How Credit Systems and Borrowing Culture Differ Between India and the US


Credit markets in India and the United States have the same basic purpose—to help people and businesses get money when they need it. But these systems are organized and regulated very differently.

In India, expanding access to finance over the past two decades has been largely promoted by the government. Large state banks and new digital services such as UPI have been actively involved. In the US, consumer credit has evolved around private banks, credit card companies, and long-established credit bureaus. These differences are important because it is the rules, the cost of borrowing, and even attitudes toward debt that determine how families in different countries manage their finances.

Historical Development of the Indian and American Credit System

India’s credit system developed gradually, reflecting the country’s social and economic goals. After independence, an important step was the nationalization of the largest banks in 1969, followed by another wave in 1980. This allowed more resources to be directed toward priority areas—above all, agriculture and small businesses. In the 1990s, the focus shifted to microfinance: for the first time, the SHG-Bank Linkage program gave rural families, united in groups, access to loans that had previously been out of reach.

From the early 2000s, credit bureaus began to emerge in the country, with CIBIL playing a key role. At the same time, authorities strengthened oversight of non-banking organizations, seeking greater transparency in the market. The turning point came in 2010: the Jan Dhan program enabled millions of people to open bank accounts, Aadhaar simplified identification, and the UPI system made instant digital transfers possible. For many, this was their first experience with banks. In 2022, the Reserve Bank of India took further action—introducing strict rules for digital lending and tightening supervision over the non-banking sector to mitigate the risks associated with unsecured loans.

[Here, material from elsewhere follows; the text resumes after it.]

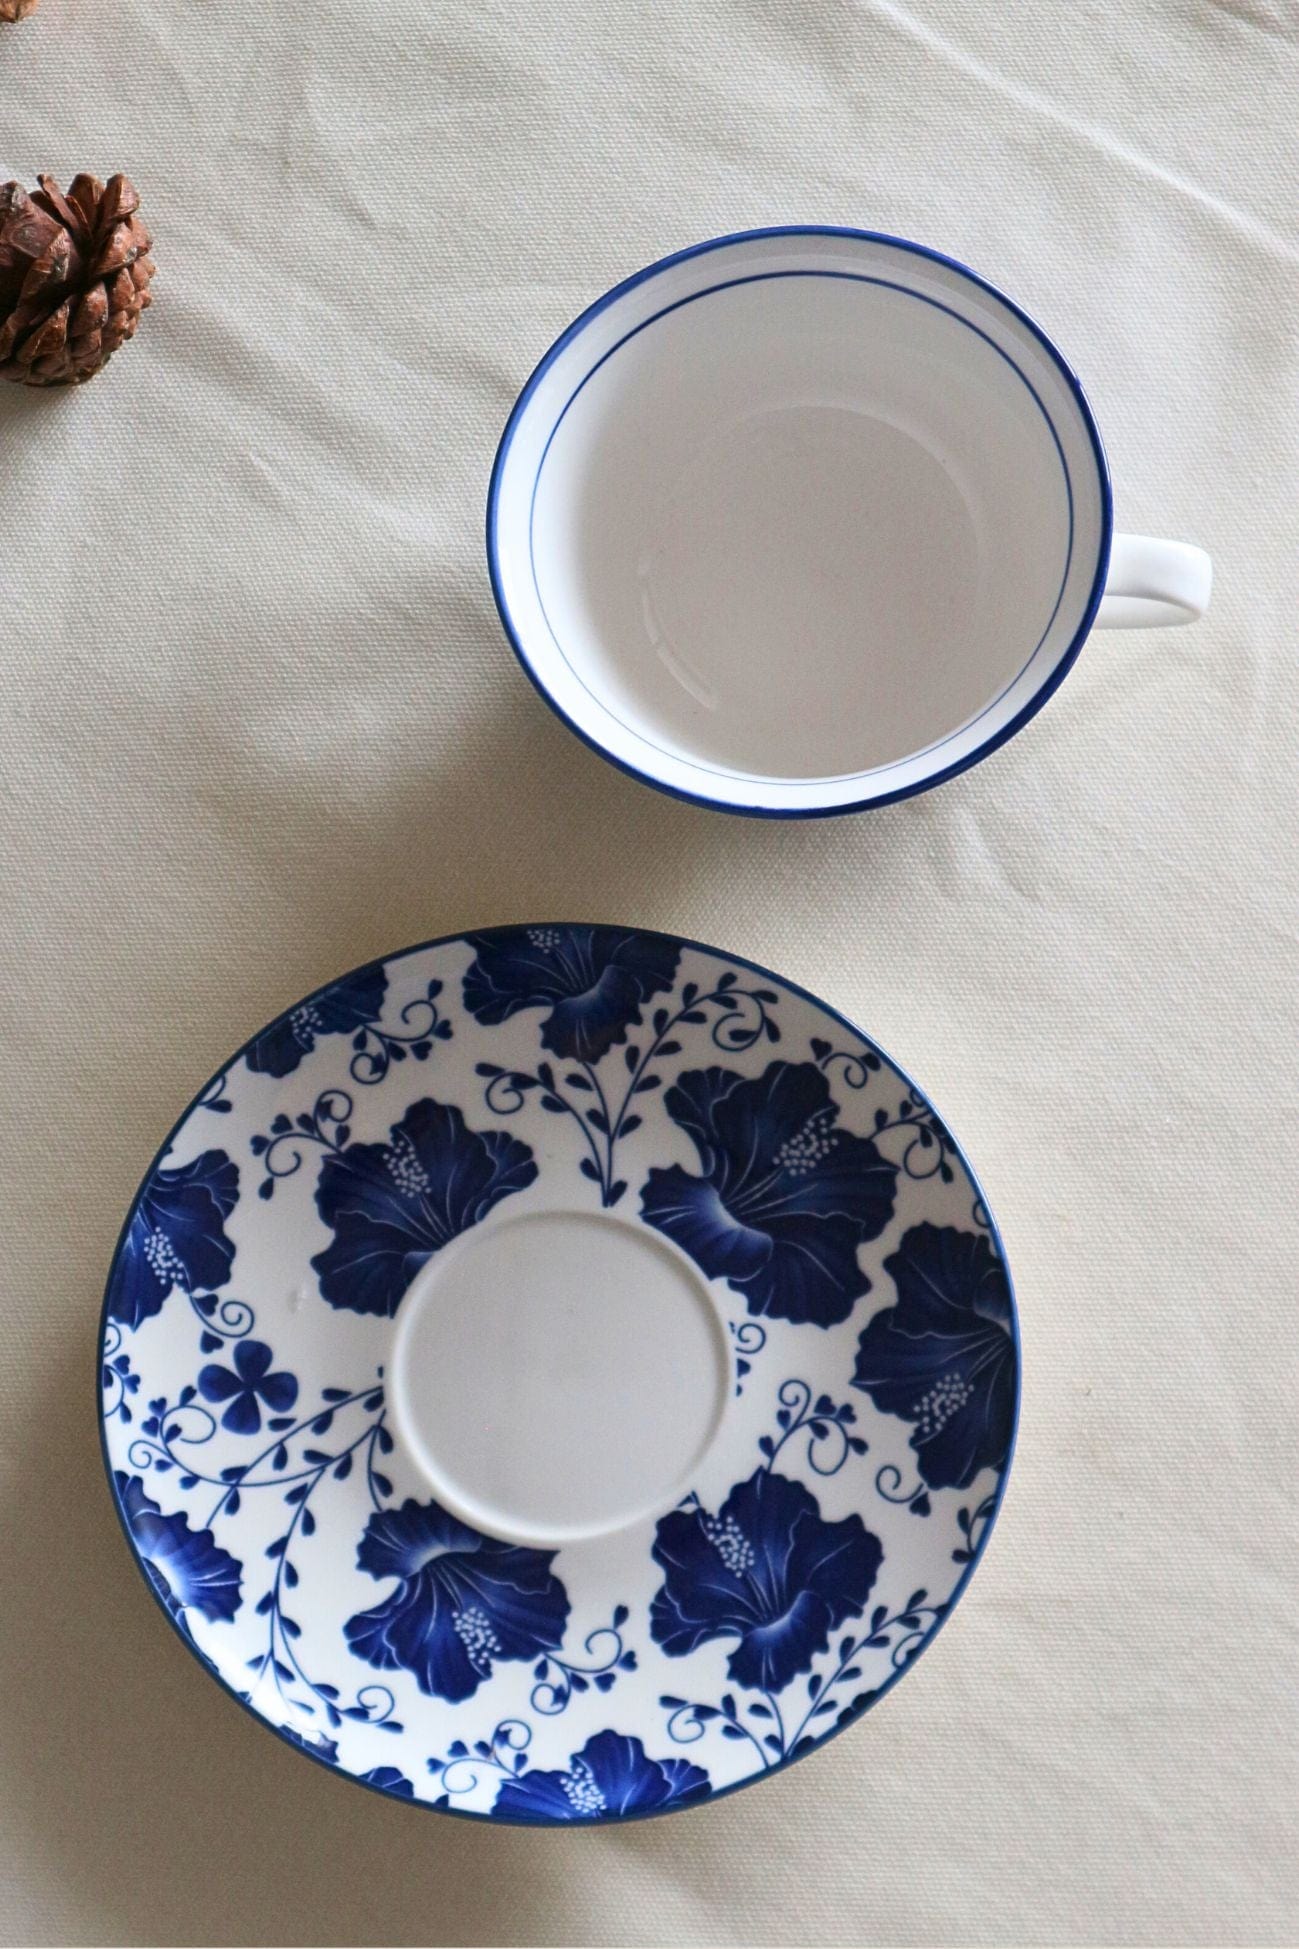 Luxe Lodge Blue Spring Blue Spring - Tazza e piattino in ceramica con fiori blu | Luxe Lodge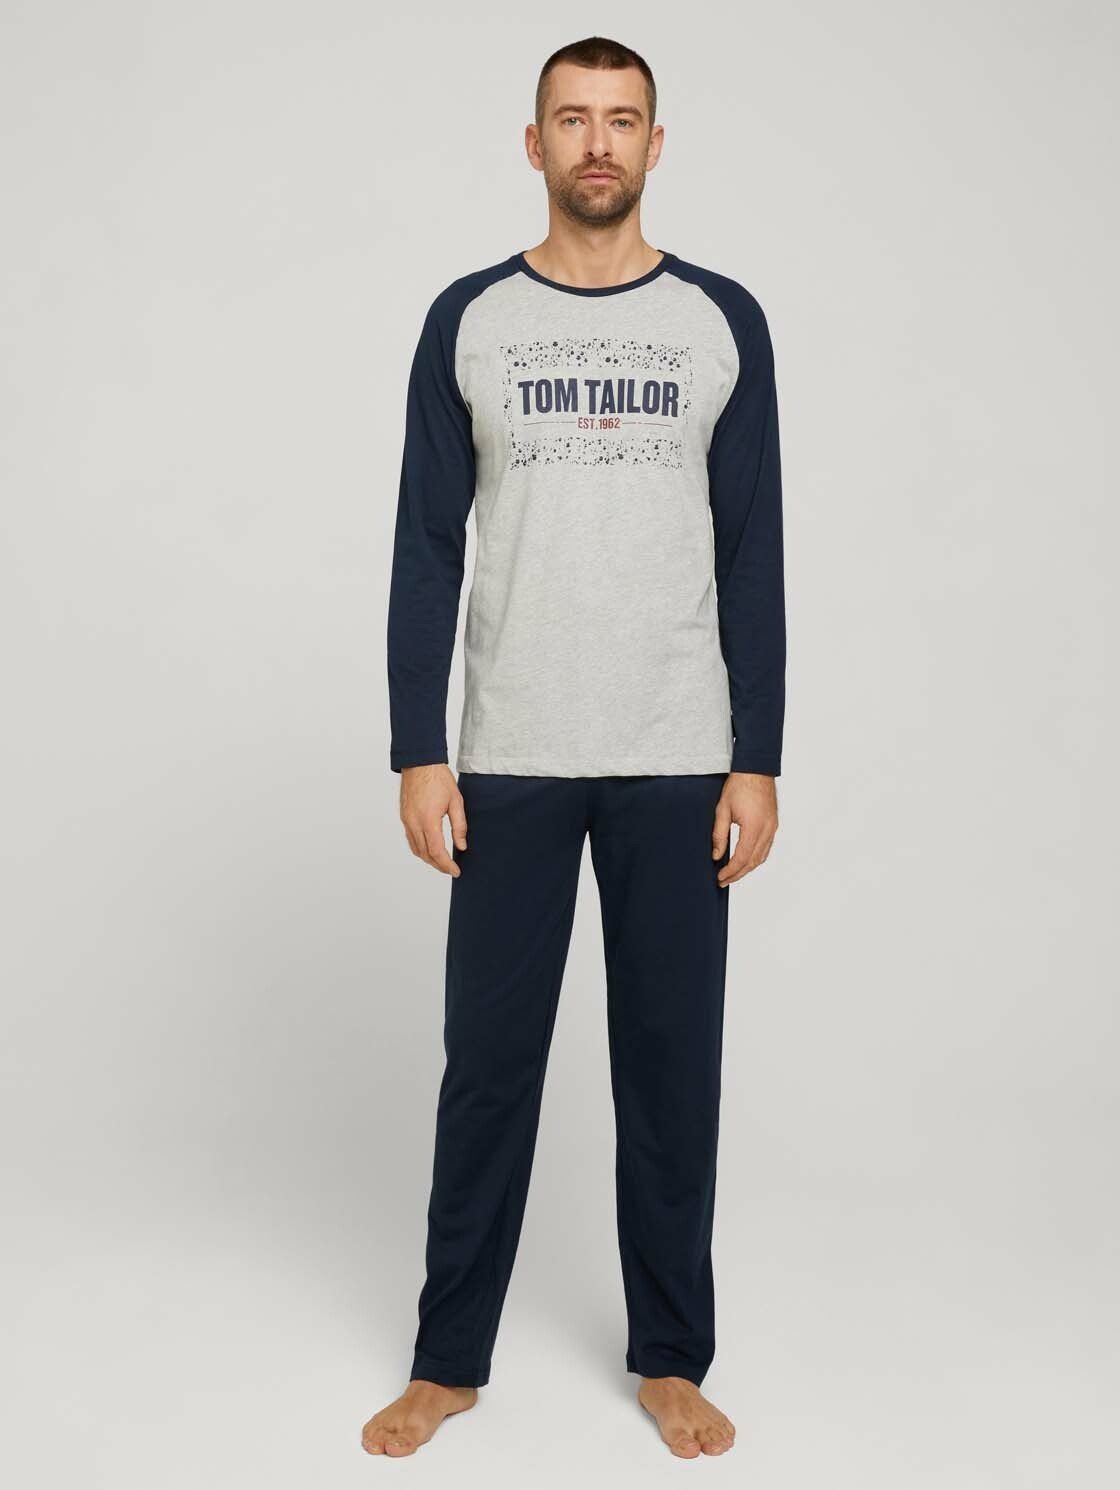 TOM TAILOR Schlafanzug »Langes Pyjama Set mit Print« online kaufen | OTTO

With the US credit system, the situation was different. After World War II, consumer credit began to grow, and by the 1950s and 60s, credit cards had already become a normal part of life. To protect borrowers, Congress passed the Fair Credit Reporting Act (FCRA) in 1970. In 1989, the FICO score was introduced, quickly becoming the main tool for assessing creditworthiness. The 2008 financial crisis led to significant reforms, including the adoption of the Dodd-Frank Act and the establishment of the Consumer Financial Protection Bureau (CFPB) to oversee markets for credit cards, mortgages, and personal loans.

Credit Scoring Models and Their Differences

In India, credit scores run from 300 to 900 and are issued by four main bureaus: CIBIL, Experian, Equifax, and CRIF High Mark. A score above 750 is typically considered a strong score. These ratings are based on data from banks and non-banking financial institutions; however, many individuals still have thin or incomplete credit histories. To address this, the Reserve Bank of India is promoting the Account Aggregator system, which enables borrowers to digitally consent to share their financial information and, in turn, strengthen their credit profile.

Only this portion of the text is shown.